Having spoken, Sugriva, the corners of whose eyes were slightly red, reflected awhile and then once more addressed Rama, the descendant of Kakutstha, saying:—

“Full of courage and audacity, renowned for his strength and energy, that powerful monkey has never been defeated in combat. His exploits are famous; the Gods themselves are not able to accomplish them. It was on remembering them, filled with terror, that I resolved to take refuge on the Rishyamuka Mountain. Thinking of that Indra among Monkeys and how invincible, irresistible and ruthless he is, I came here. Filled with distress and anguish, I wander about in these woods with my devoted and excellent companions, Hanuman and others. You are for me a glorious and illustrious friend, O You who art dear to your friends, O Lion among Men! I take refuge with you as in another Himavat; yet I am conversant with the strength of my wicked brother and his overbearing nature and I am not acquainted with your skill as a warrior, O Raghava. Assuredly, it is not that I wish to test you or humiliate you nor inspire you with fear by recounting his great exploits. Mine own cowardice is well known! O Rama, thine accents, thine assurance, your temerity and your stature truly manifest your great power, which is like a fire concealed beneath the ashes.”

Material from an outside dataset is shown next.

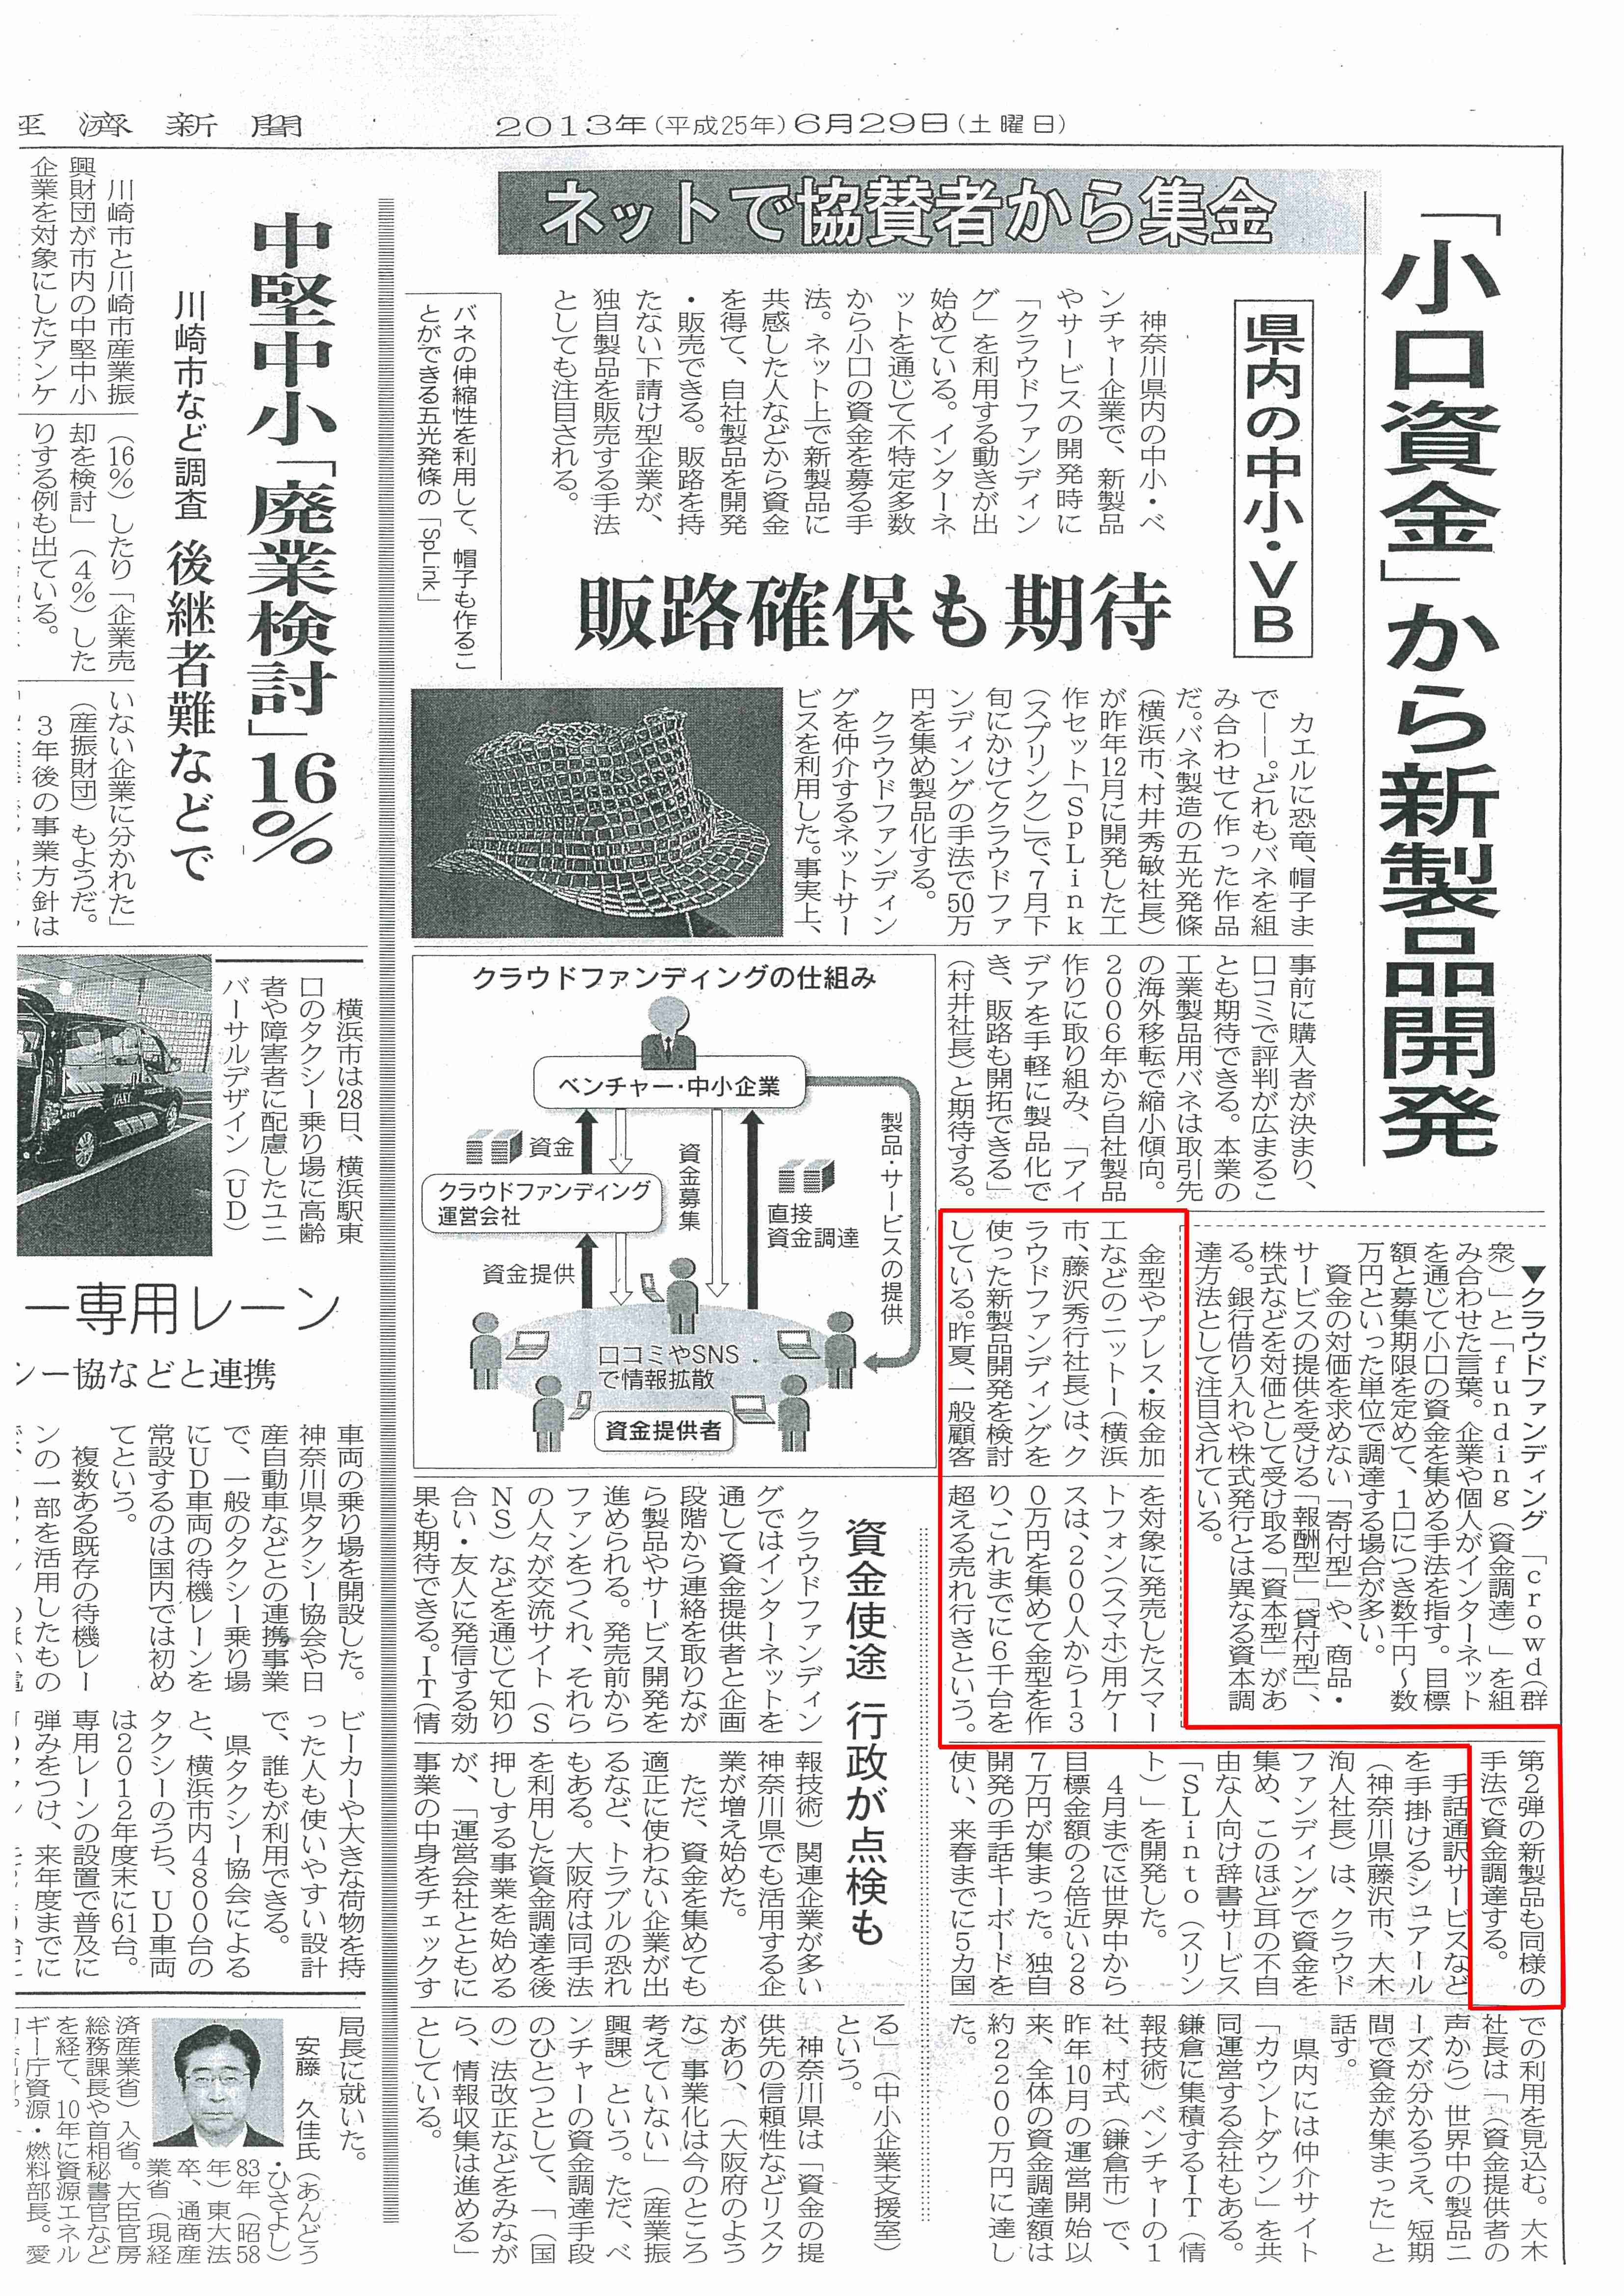 6月29日『日本経済新聞』に掲載

Hearing the words of the magnanimous Sugriva, Rama began to smile and answered him, saying:—

“If you dost not trust in our courage, O Monkey, I will instil you with that confidence so essential in war.”

Then with his foot, that mighty hero sent the dried up carcase of that titan flying. Seeing the carcase hurtling through the air, Sugriva once more addressed Rama, who was as radiant as the sun, in the presence of Lakshmana and the monkeys and in candid accents said:—

“O my Friend, when that corpse was fresh and its flesh intact, it was sent flying through the air by my brother, though he was weakened by inebriation and fatigue. Now stripped of flesh, as light as a straw, you have kicked it in play; it is therefore impossible for me to judge who is the more powerful, you or Bali. Between a fresh corpse and dry bones, there is a great difference, O Raghava.

“I am therefore still uncertain, My Dear Friend, as to who is the stronger, you or Bali, but if you are able to pierce even a single Sala tree, then I should be able to judge who is superior and who inferior. Therefore stretch that bow, which resembles the trunk of an elephant and drawing the cord up to thine ear, discharge that great arrow, which I am sure will penetrate the Sala tree and by that sign I shall be satisfied. I implore you, O Prince, to do me this great favour. As amongst the planets the sun is greatest and among mountains the Himalayas, just as among quadrupeds the lion is king, so among men you are supreme in valour.”